Migrating from anyascii

disarm's transliterate() replaces anyascii for Unicode-to-ASCII conversion.

Quick migration

# Before
from anyascii import anyascii
result = anyascii("café")

# After
from disarm import transliterate
result = transliterate("café")

Or use the compatibility alias:

from disarm import unidecode as anyascii
result = anyascii("café")

API comparison

anyascii disarm Notes
anyascii(s) transliterate(s)
transliterate(s, lang="de") New: language profiles
transliterate(s, errors="ignore") New: error modes
transliterate(s, errors="preserve") New: preserve unmapped

Behavioral differences

Transliteration approach

anyascii and disarm both provide Unicode → ASCII transliteration, but they use different lookup tables. The core Latin-script mappings are very similar, but edge cases may differ.
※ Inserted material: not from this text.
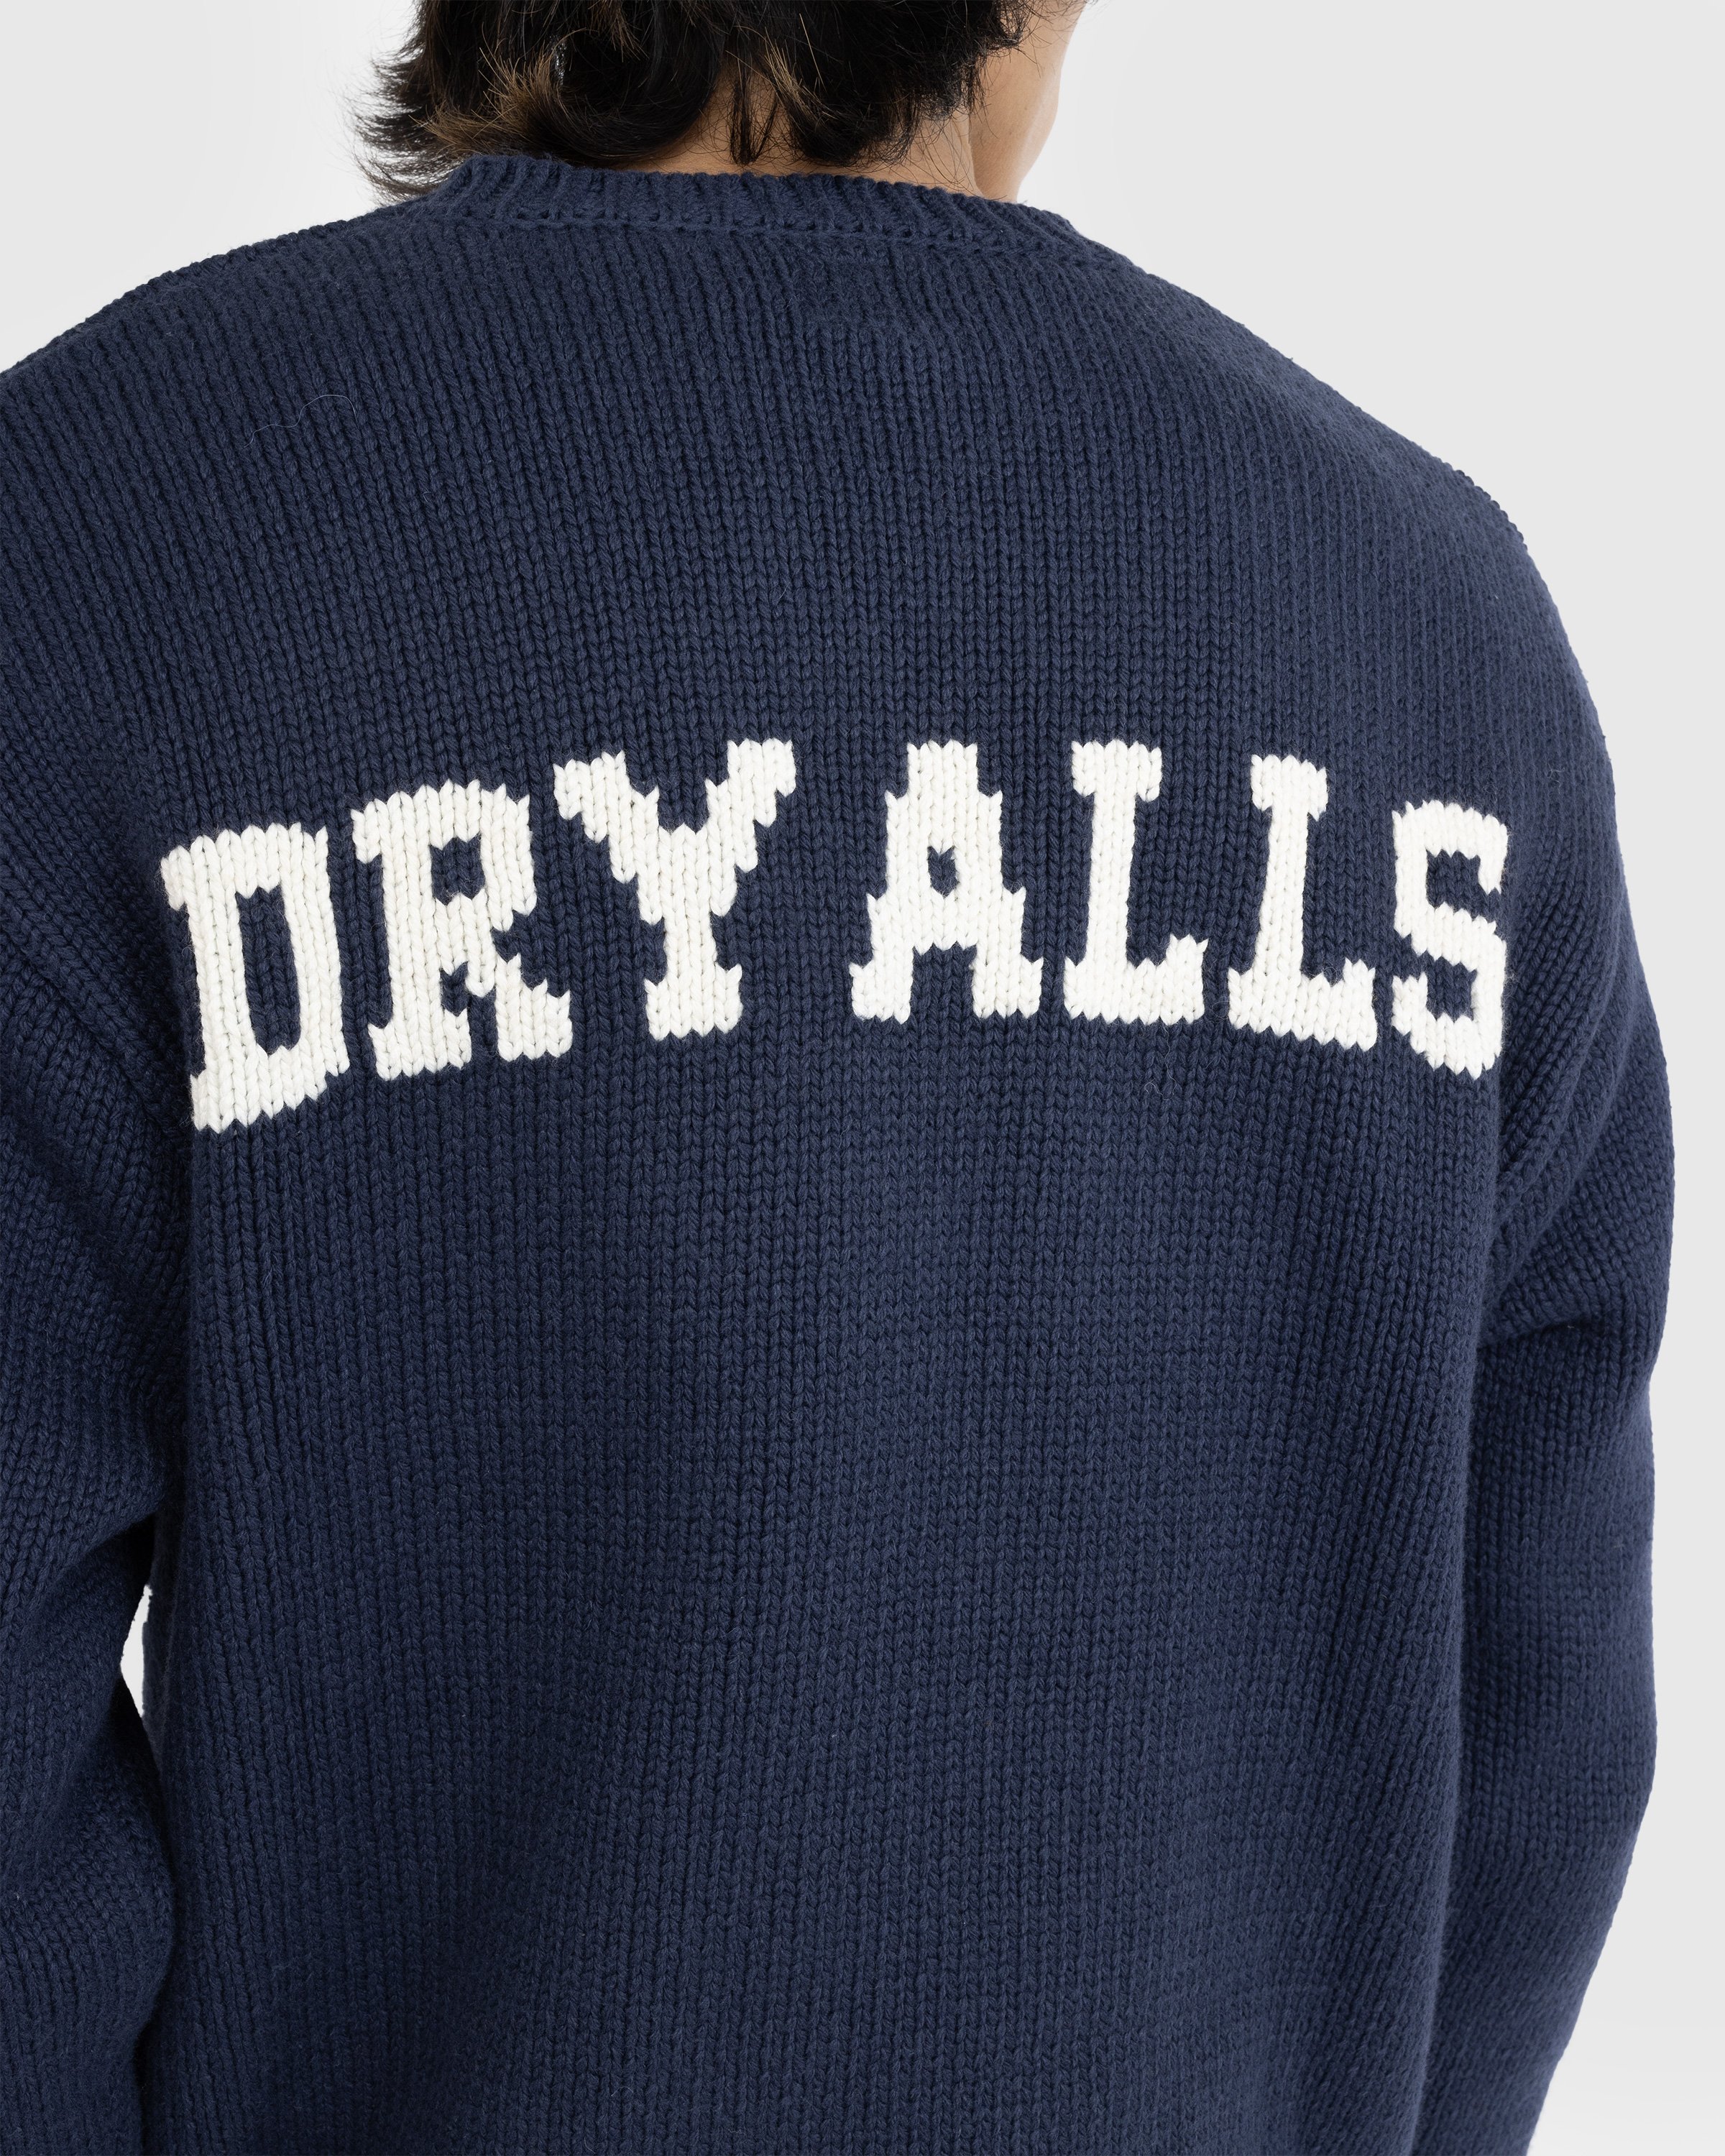 Human Made - Dachs Knit Sweater Navy - Clothing - Blue - Image 7

A detailed character-level comparison across all 83 supported languages shows:

  • 49,089 codepoints across all Unicode blocks tested comprehensively (no sampling)
  • 48,415 mapped by disarm vs 48,761 by anyascii — anyascii has broader coverage of some extended script blocks, while disarm provides language-aware romanization with 83 language profiles and 1,136 characters only disarm maps
  • Most differences are systematic: CJK pinyin casing, Korean romanization, and language-specific national standards
from disarm import transliterate

# Common cases — identical
assert anyascii("café") == 'cafe'
assert transliterate("café") == 'cafe'

# CJK — may differ in romanization style
anyascii("北京")       # romanization varies
assert transliterate("北京") == 'bei jing'

Language awareness

anyascii has no language parameter. disarm provides 83 language-specific profiles:

from disarm import transliterate

# anyascii can't do this
assert transliterate("München", lang="de") == 'Muenchen'
assert transliterate("Malmö", lang="sv") == 'Malmoe'

Error handling

anyascii silently drops characters with no mapping. disarm gives you control:

from disarm import transliterate

assert transliterate("♠", errors="replace", replace_with="?") == '?'
assert transliterate("♠", errors="ignore") == ''
assert transliterate("♠", errors="preserve") == '♠'

New features in disarm

Beyond basic transliteration, disarm also provides:

  • slugify() — URL slug generation
  • sanitize_filename() — OS-safe filenames
  • normalize_confusables() — homoglyph normalization
  • TextPipeline — composable text processing
  • strip_accents(), fold_case() — granular text cleaning

All in a single package with one consistent API.